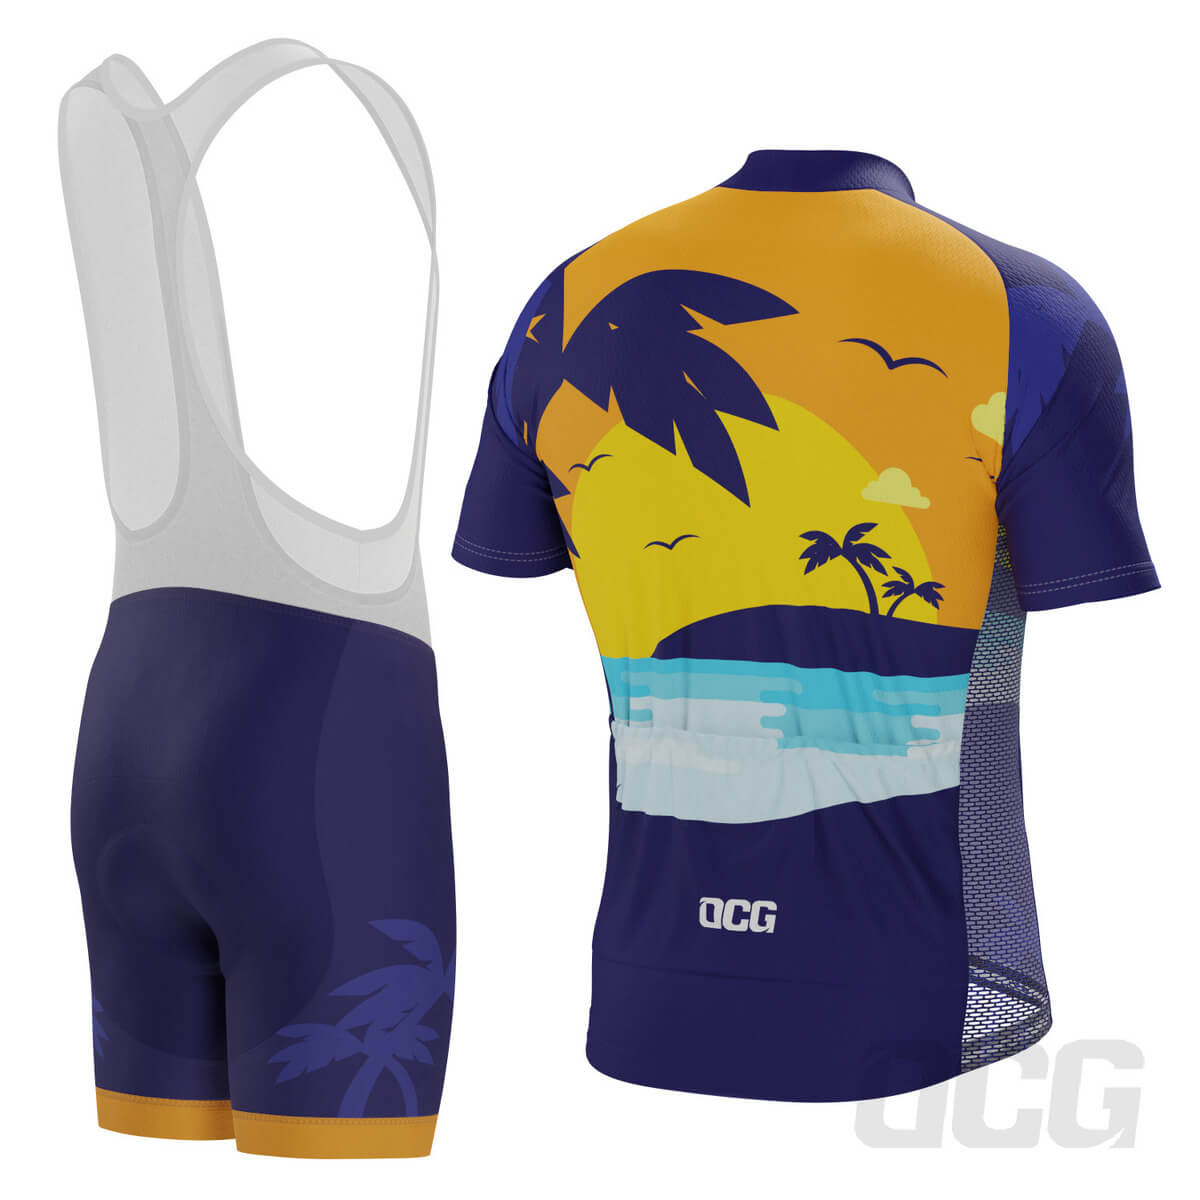 Men's Tropical Paradise Palm 2 Piece Cycling Kit
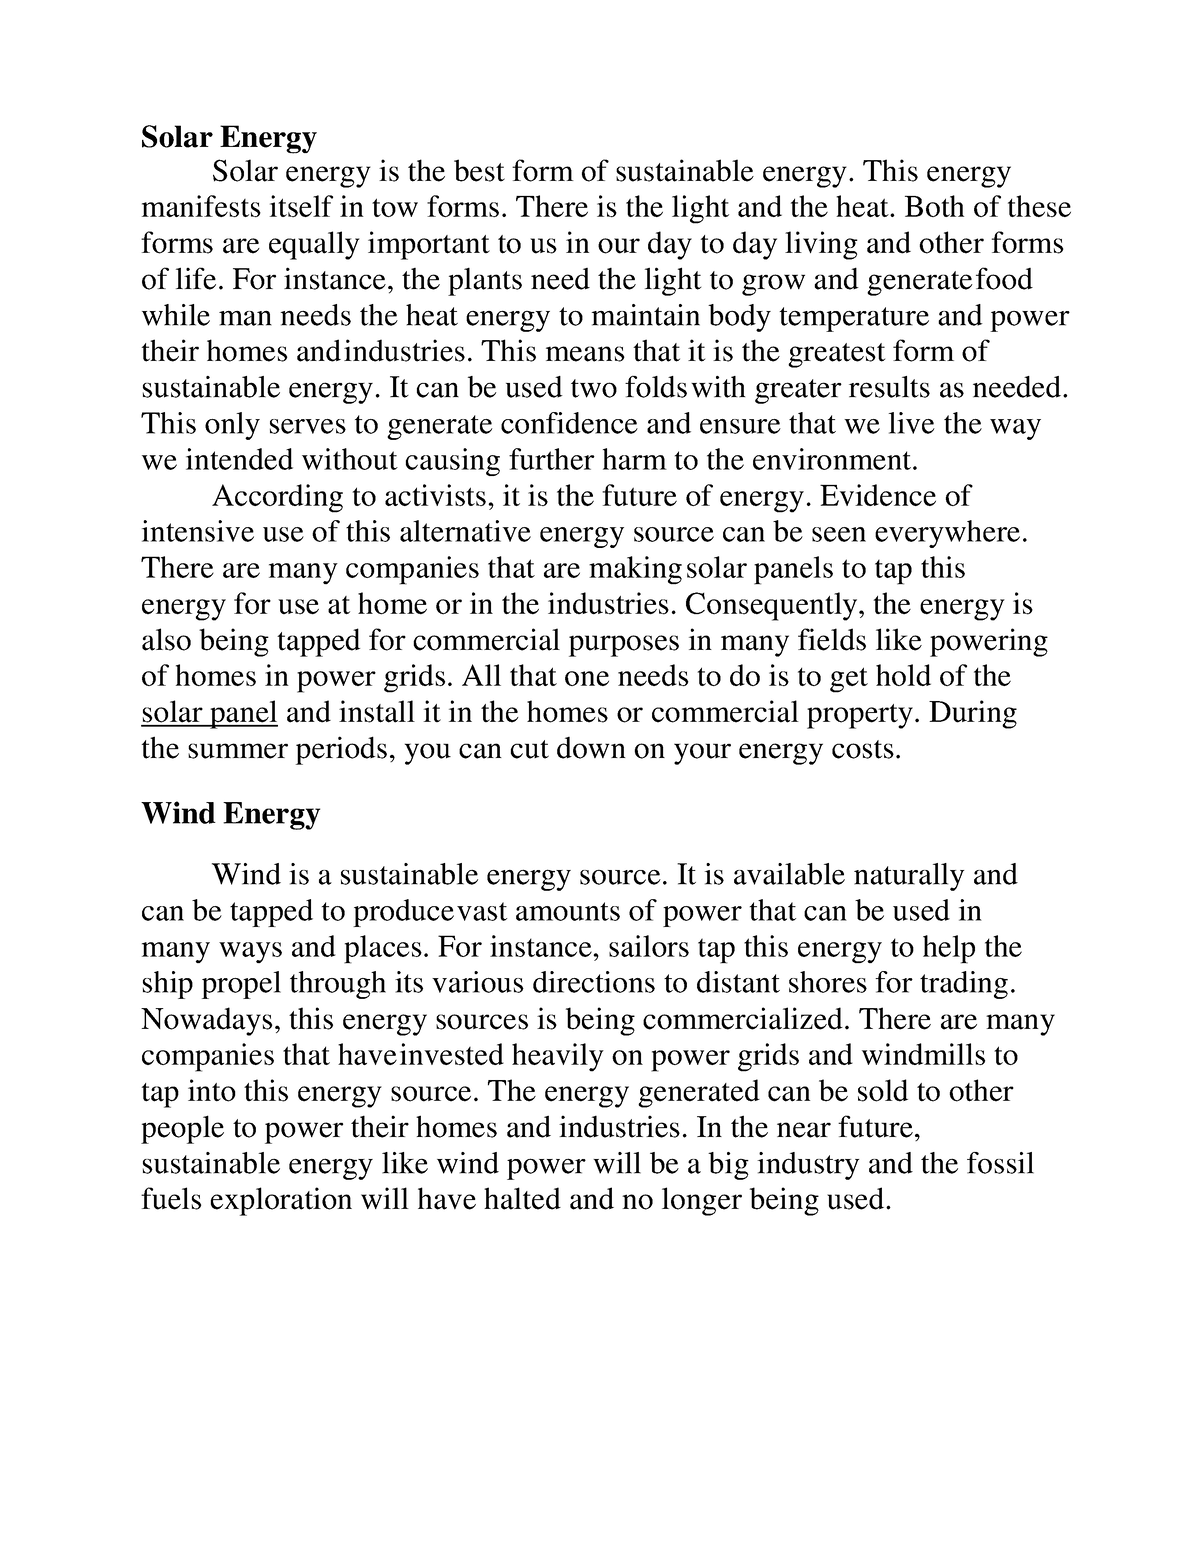 phd dissertation on solar energy
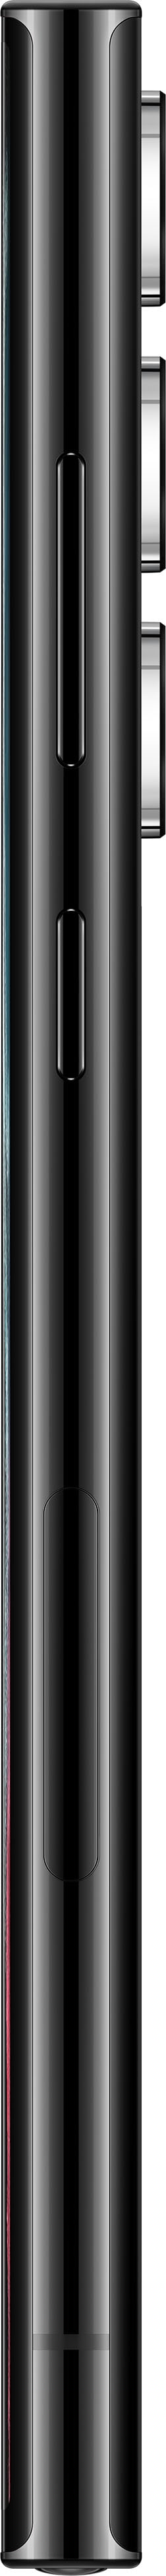 Samsung - Galaxy S22 Ultra 512GB - Phantom Black (AT&T)_5
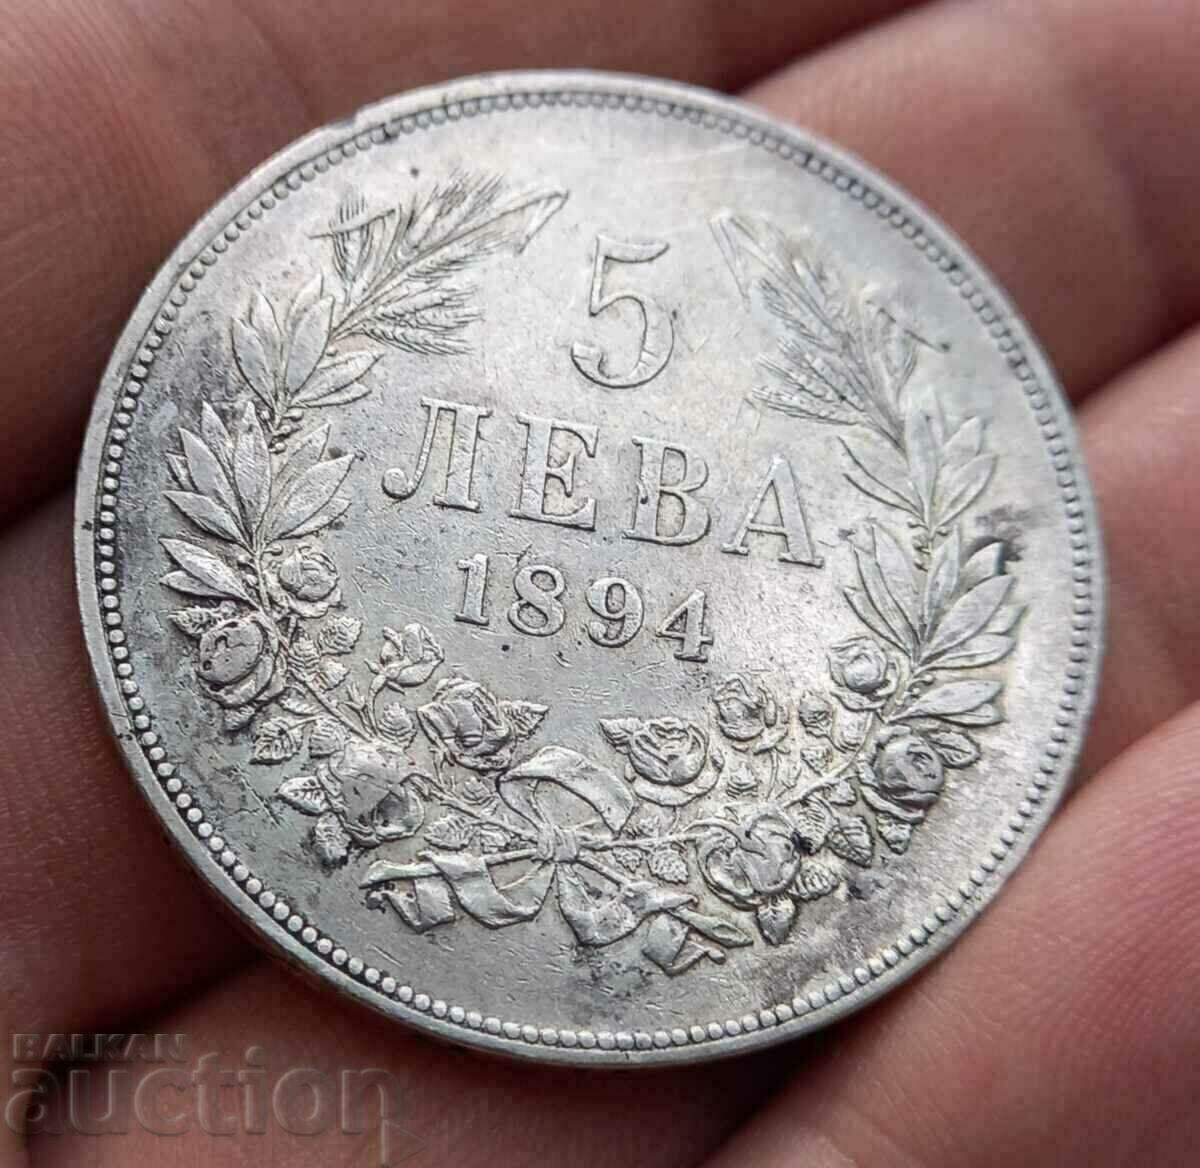 Monedă de argint de 5 BGN 1894

__________________________________________________

Repeat the material above precisely as it appears, omitting the images it contains.

 Men's Tropical Paradise Palm 2 Piece Cycling Kit
 phd dissertation on solar energy
 Samsung - Galaxy S22 Ultra 512GB - Phantom Black (AT&T)_5
 Monedă de argint de 5 BGN 1894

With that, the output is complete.